Preemption under CUTSA arises because the Legislature enacted a “comprehensive structure” with regard to trade secret misappropriation that was intended to “occupy the field” with respect to common law trade secret misappropriation claims. CUTSA is intended to provide the sole civil remedy for trade secret misappropriation under California law and thus preemption applies “to all common law claims that are `based on the same nucleus of facts as the misappropriation of trade secret claim.’” (Citing K.C. Multimedia, Inc. v. Bank of America Tech. & Operations, Inc., (2009) 171 Cal.App.4th 939.) There are three exceptions to CUTSA preemption: (1) claims based on contractual remedies; (2) other civil remedies not based on trade secret misappropriation; and (3) criminal remedies.
In bringing his motion to dismiss, the former employee argued that plaintiff’s claims for common law trade secret misappropriation, interference with contractual relations and prospective economic relations and conversion were all based on the “same nucleus of facts” underlying the CUTSA trade secret misappropriation claim. Plaintiff sought to avoid preemption of these claims by stating that in addition to containing allegations regarding trade secrets, they also alleged other wrongful conduct such as the “unlawful solicitation of Hat World customers and employees” and “unlawful conversion of purchase orders for Hat World products.”
Nevertheless, the Court agreed with the defendant employee and found that because it appeared that all of these claims seemed to be based in some part on the misappropriation of trade secrets, they were preempted under CUTSA and had to be dismissed.
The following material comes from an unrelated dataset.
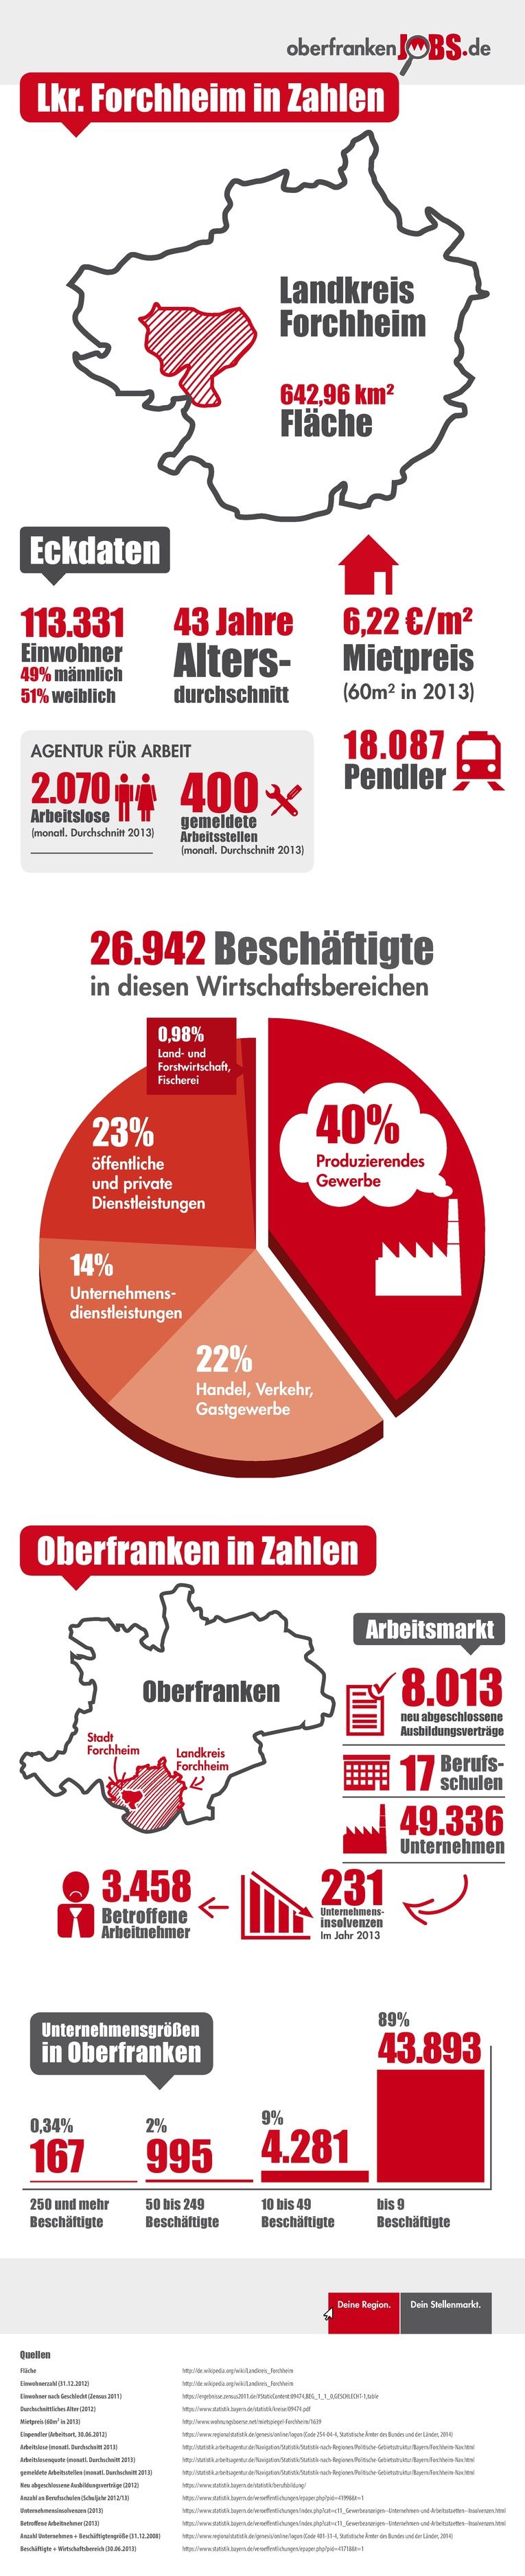 Infografik Forchheim

However, the Court ruled that because it was possible that some of the claims could be alleged based on facts different from those underlying trade secret misappropriation, the Court granted plaintiff an opportunity to amend the complaint to avoid preemption.
The Hat World ruling reminds attorneys that they need to be careful in drafting complaints asserting trade secret misappropriation and other common law claims to avoid preemption. Attorneys should include language making clear that the common law claims have a factual basis separate from that underlying a CUTSA claim. Otherwise, that attorney’s client faces the prospect of having its claims dismissed because of preemption and/or incurring additional fees in having to amend the complaint.